= Symphony No. 9 (Sessions) =

The Symphony No. 9 by Roger Sessions is a symphony in three movements, completed in 1978. A performance lasts about 28 minutes.

==History==
Sessions began his Ninth Symphony in 1975 on a commission from the Syracuse Symphony Orchestra, whose music director at the time was Frederik Prausnitz. It was completed in October 1978, but by the time of the first performance Prausnitz had been succeeded by Christopher Keene, who conducted the premiere in Syracuse on 17 January 1980. Prausnitz also conducted the work, two months later, at the Peabody Conservatory in Baltimore, on 18 March 1980, followed shortly by the first New York performance on 22 March by Keene and the Syracuse Symphony in Carnegie Hall.

Sessions referred to a "special task" he set himself in writing this symphony, which "involves both agony and joy in the making of it". This refers to the portrayal of evil, inspired by William Blake's poem "The Tyger", represented especially in the first movement of Sessions's symphony. The composer said the first measures represent the tiger lying in wait, and the movement concludes with the question, "Could he who made the lamb make thee?".

==Analysis==
The symphony is in three movements in the traditional fast-slow-fast pattern. The second and third movements are performed without a break:

Although a single twelve-tone row forms the basis of the entire symphony, a second, related row is also used in the first movement only. This main row is:
C♯, C, G, F, G♯, A / D, B, D♯, E, B♭ F♯

The two hexachords of this row are combinatorial by inversion at T_{3} (transposition by a minor third). The secondary row in the first movement is:

A–G–F–F♯–C–A♭ / B♭–D–B–E♭–E–C♯

However, Sessions's free treatment of the combinatorial hexachords and of various trichord (particularly 014, 016, and 026) tends to displace textbook twelve-tone technique, producing a complex but coherent network of pitch-class sets.

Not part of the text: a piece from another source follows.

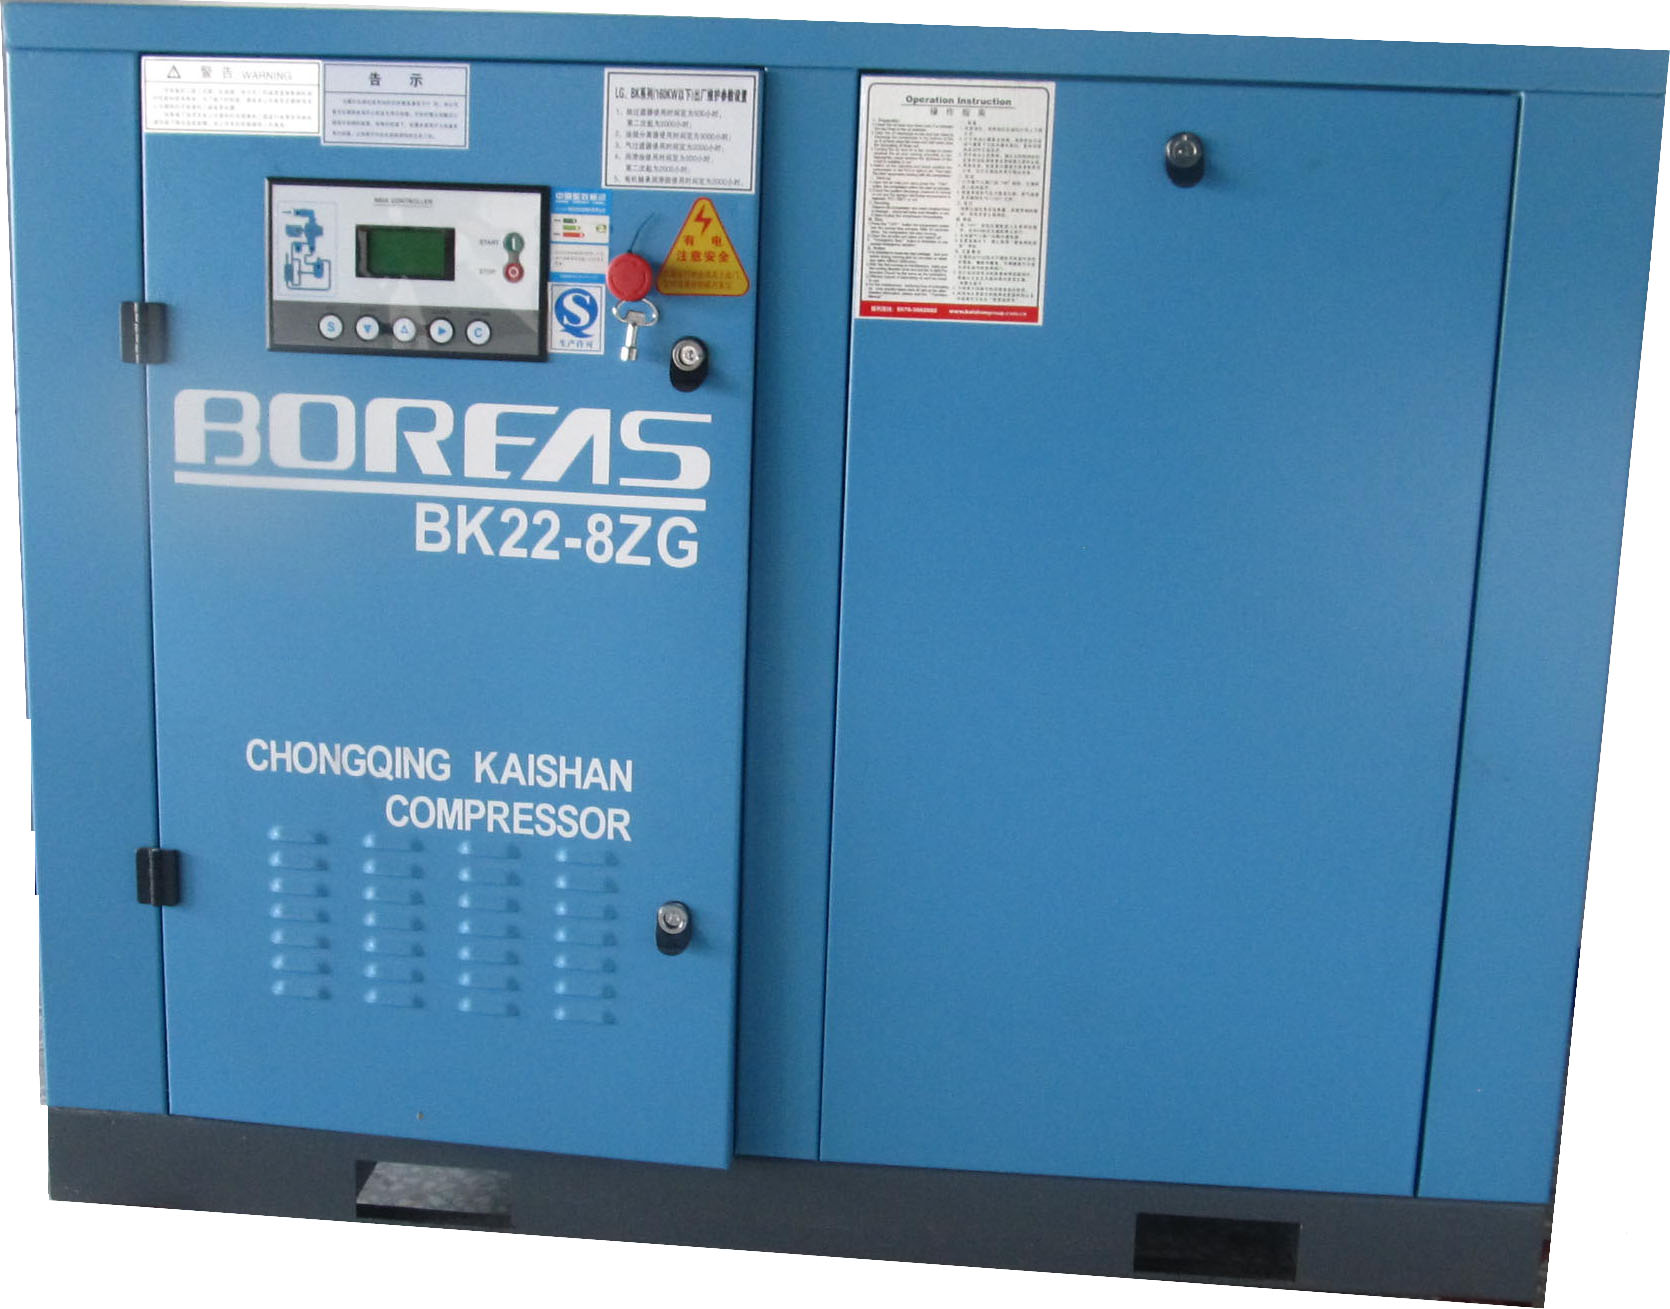 BOREAS air compressor

The second, slow movement is in ternary (ABA) form with a coda. The trombone plays an especially prominent role in this movement, a choice of instrument unusual for Sessions.

The finale, which continues without a break from the slow movement, is at least superficially a rondo. In this movement Sessions uses meter and tempo as bases simultaneously to mark and to blur formal articulations. It is the most difficult movement of the symphony to grasp formally, largely because of the constantly fluctuating tempos, which "produce a musical vertigo typical of Sessions's late music".

==Discography==
- Roger Sessions: Symphonies 6, 7 & 9. American Composers Orchestra, Dennis Russell Davies, cond. Recorded May 1994, Manhattan Center, New York. CC recording, 1 disc: digital, stereo, 4¾ in. Argo 444 519-2. London: The Decca Record Company Limited, 1995.